13. The method according to any one of claims 1 to 12, characterized in that the neutralized foam has temperatures below 115 ° C, preferably between 50 and 95 ° C and in particular between 65 and 90 ° C.

14. The method according to any one of claims 1 to 13, characterized in that the neutralized foam has a density of a maximum of 0.80 like ^"3 , preferably from 0.10 to 0.6 like ^{" 3} and in particular from 0.3 to 0.55 likes ^"3 .

15. The method according to any one of claims 1 to 14, characterized in that the neutralized foam has average pore sizes below 10 mm, preferably below 5 mm and in particular below 2 mm.

16. The method according to any one of claims 13 to 15, characterized in that the neutralized foam meets the criteria mentioned when added to the mixer.

17. The method according to any one of claims 1 to 16, characterized in that the solid bed placed in the mixer contains one or more substances from the group of builders, in particular the alkali metal carbonates, sulfates and silicates, the zeolites and the polymers.

18. The method according to any one of claims 1 to 17, characterized in that the neutralized foam in the weight ratio foam: solid from 1: 100 to 9: 1, preferably from 1:30 to 2: 1 and in particular from 1:20 to 1: 1 is placed on the solid bed placed in the mixer.

19. The method according to any one of claims 1 to 18, characterized in that the surfactant granules have surfactant contents above 10% by weight>, preferably above 15% by weight> and in particular above 20% by weight>, in each case based on the granules, and rubble weights above 600 g / 1, preferably above 700 g / 1 and in particular above 800 g / 1.

20. The method according to any one of claims 1 to 19, characterized in that the surfactant granules have a particle size distribution in which at least 50 wt .-%>, preferably at least 60 wt .-% and in particular at least 70 wt .-% of the particle sizes in Have a range from 400 to 1600 μm.

21. Neutralisate foam, obtainable by combining an anionic surfactant foamed with a gaseous medium in its acid form and a highly concentrated, aqueous alkaline component foamed with a gaseous medium, characterized in that the foam has average pore sizes below 10 mm, preferably below 5 mm and in particular below 2 mm.
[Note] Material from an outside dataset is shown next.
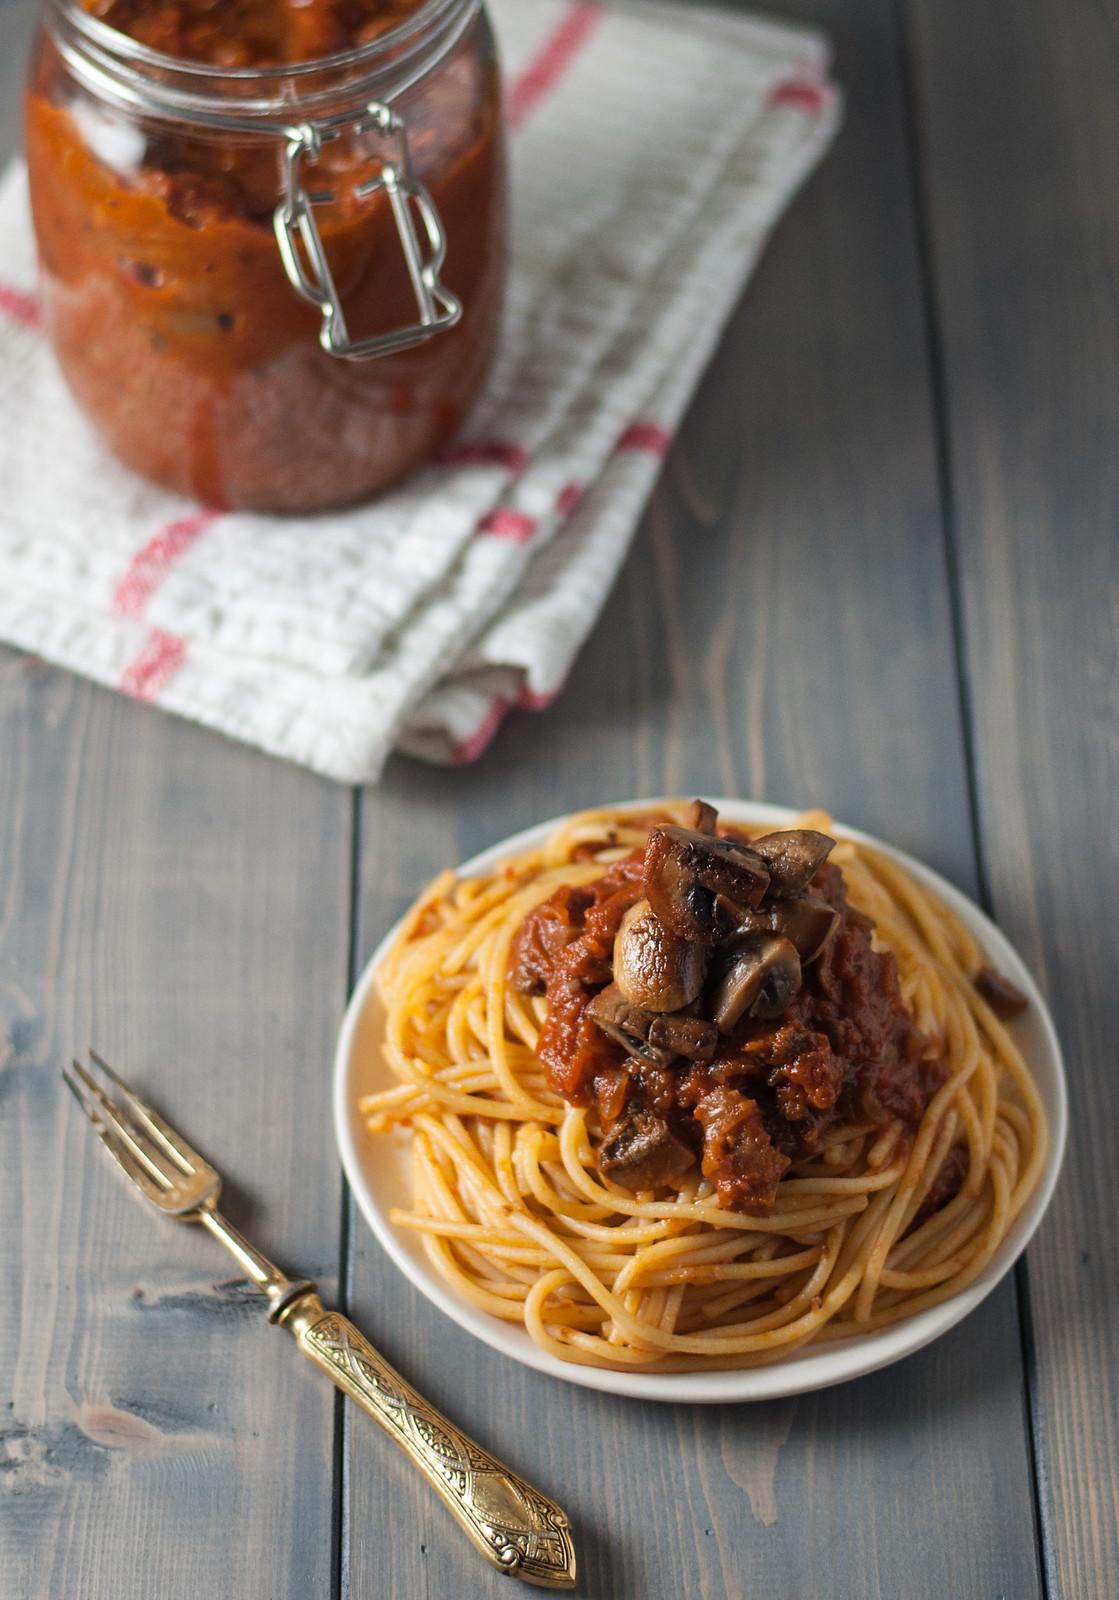 On top of spaghetti--is mushroom marinara!

22. Neutralisate foam according to claim 21, characterized in that the gaseous medium makes up at least 20% by volume, based on the amount of liquid foamed.
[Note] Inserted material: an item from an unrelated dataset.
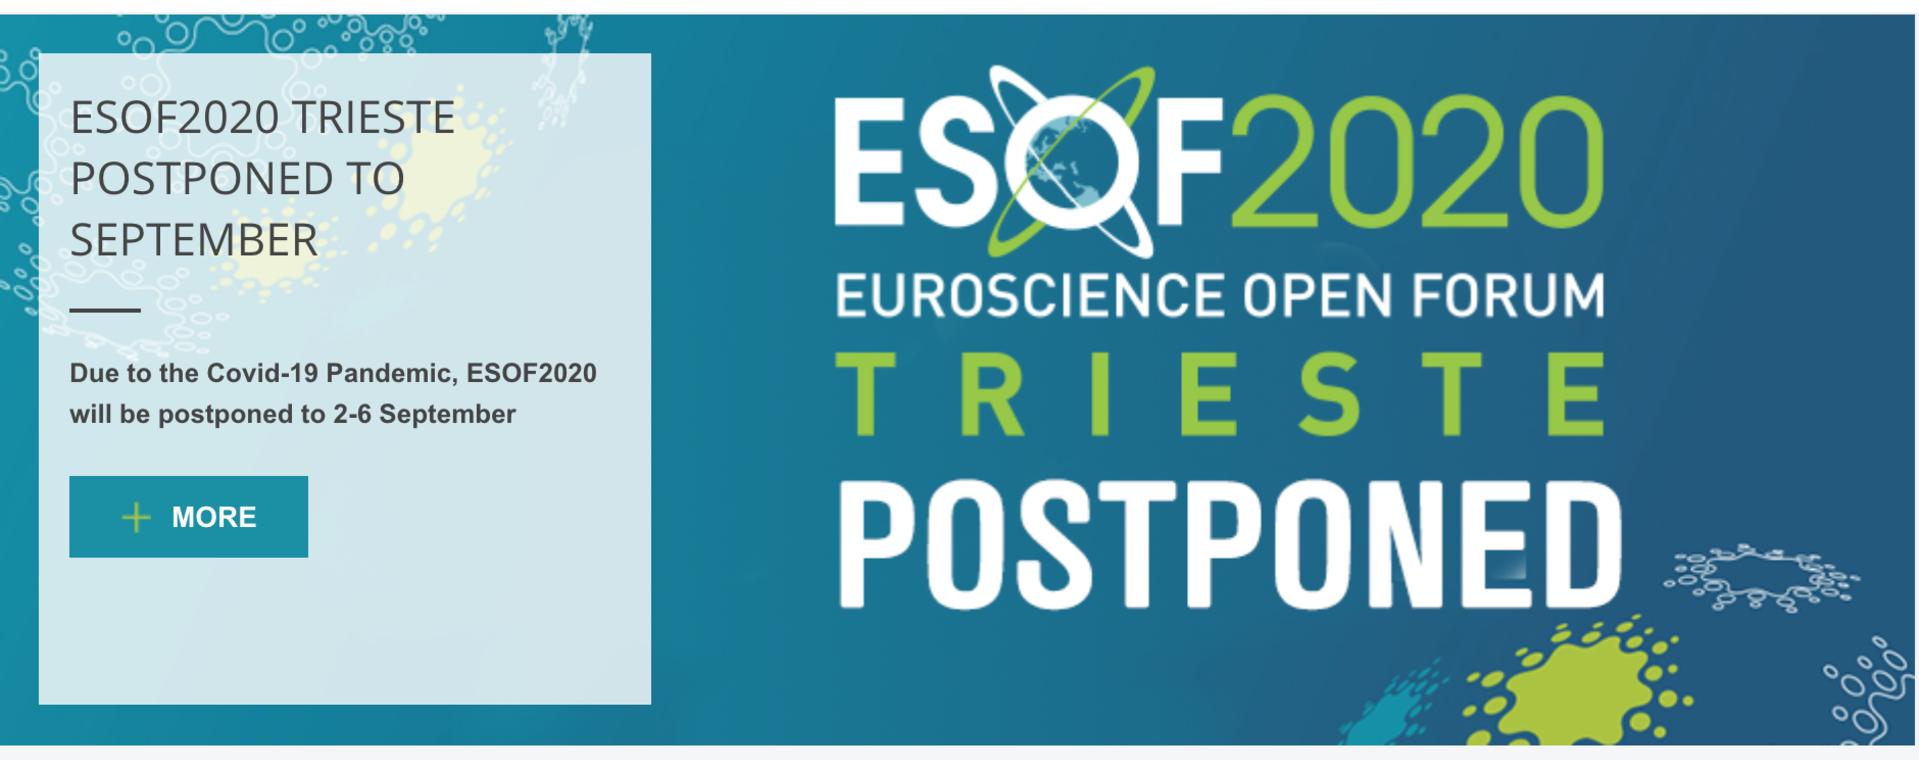 ESOF2020 riparte: presentati il nuovo formato e il programma aggiornato

23. Neutralisate foam according to claim 22, characterized in that the gaseous medium makes up one to three hundred times, preferably five to two hundred times and in particular ten to one hundred times the volume of the foamed liquid quantity.

24. Neutralisate foam according to one of claims 21 to 23, characterized in that it comprises combining a foam from an anionic surfactant in its acid form, which optionally contains further, preferably acidic, ingredients of detergents and cleaning agents and a foam from an aqueous alkali metal hydroxide, preferably sodium hydroxide solution, which optionally contains further ingredients of detergents and cleaning agents, in particular nonionic surfactants.
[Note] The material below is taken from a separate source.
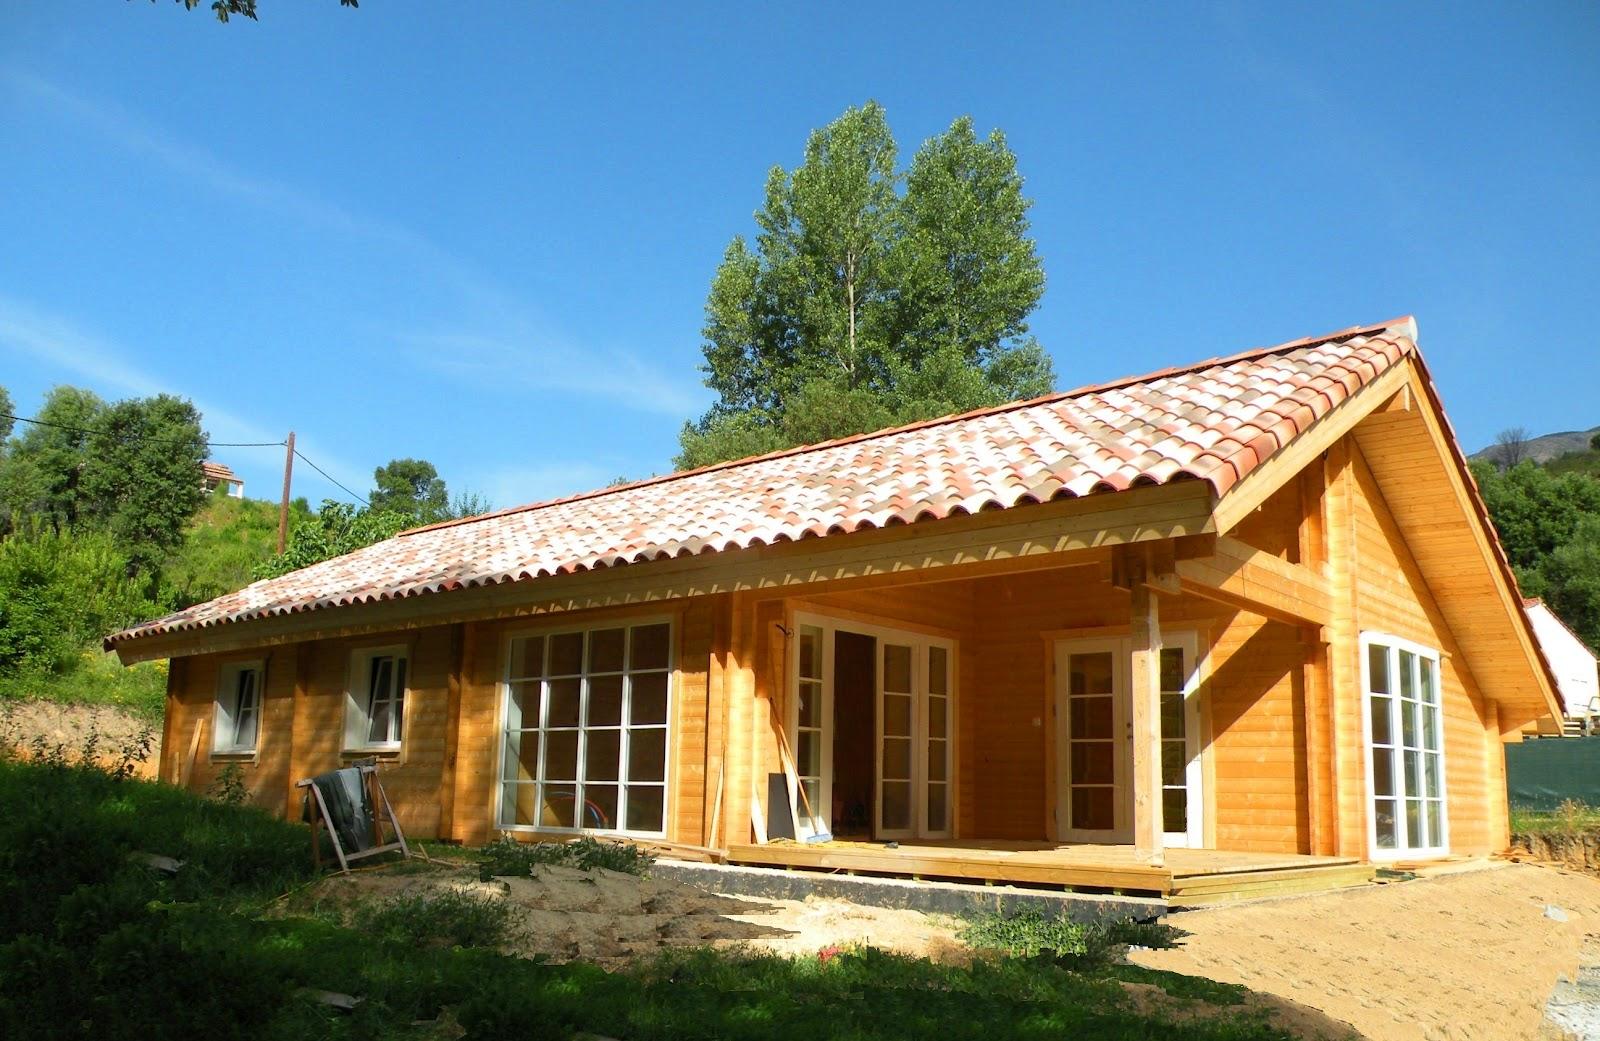 Blockhaus wohnblockhaus bauen direkt ab werk for Kuchen direkt ab werk

25. Neutralisate foam according to one of claims 21 to 24, characterized in that by combining a foam from an anionic surfactant in its acid form, the nonionic surfactants in amounts of 0.1 to 10 wt .-%>, preferably from 0.5 to 7.5 wt .-%> and in particular from 1 to 5 wt .-%, based in each case on the weight of the anionic surfactant foam, and a foam from an aqueous alkali metal hydroxide, preferably sodium hydroxide solution, which may contain further ingredients of detergents and cleaning agents, in particular nonionic surfactants, was obtained.

26. Neutralisate foam according to one of claims 21 to 25, characterized in that it was obtained by combining an anionic surfactant foam and a nonionic surfactant-containing sodium hydroxide foam, the sodium hydroxide foam 5 to 80% by weight, preferably 10 to 75% by weight and in particular 25 up to 70 wt .-%> nonionic surfactant, based in each case on the weight of the sodium hydroxide foam.

27. Neutralisate foam according to one of claims 21 to 26, characterized in that it contains surfactant contents of 20 to 99% by weight, preferably 60 to 95% by weight and in particular 70 to 90% by weight, in each case based on the Weight of the foam.

28. Use of neutralized foams according to one of claims 21 to 27, as a granulation liquid in the production of surfactant granules.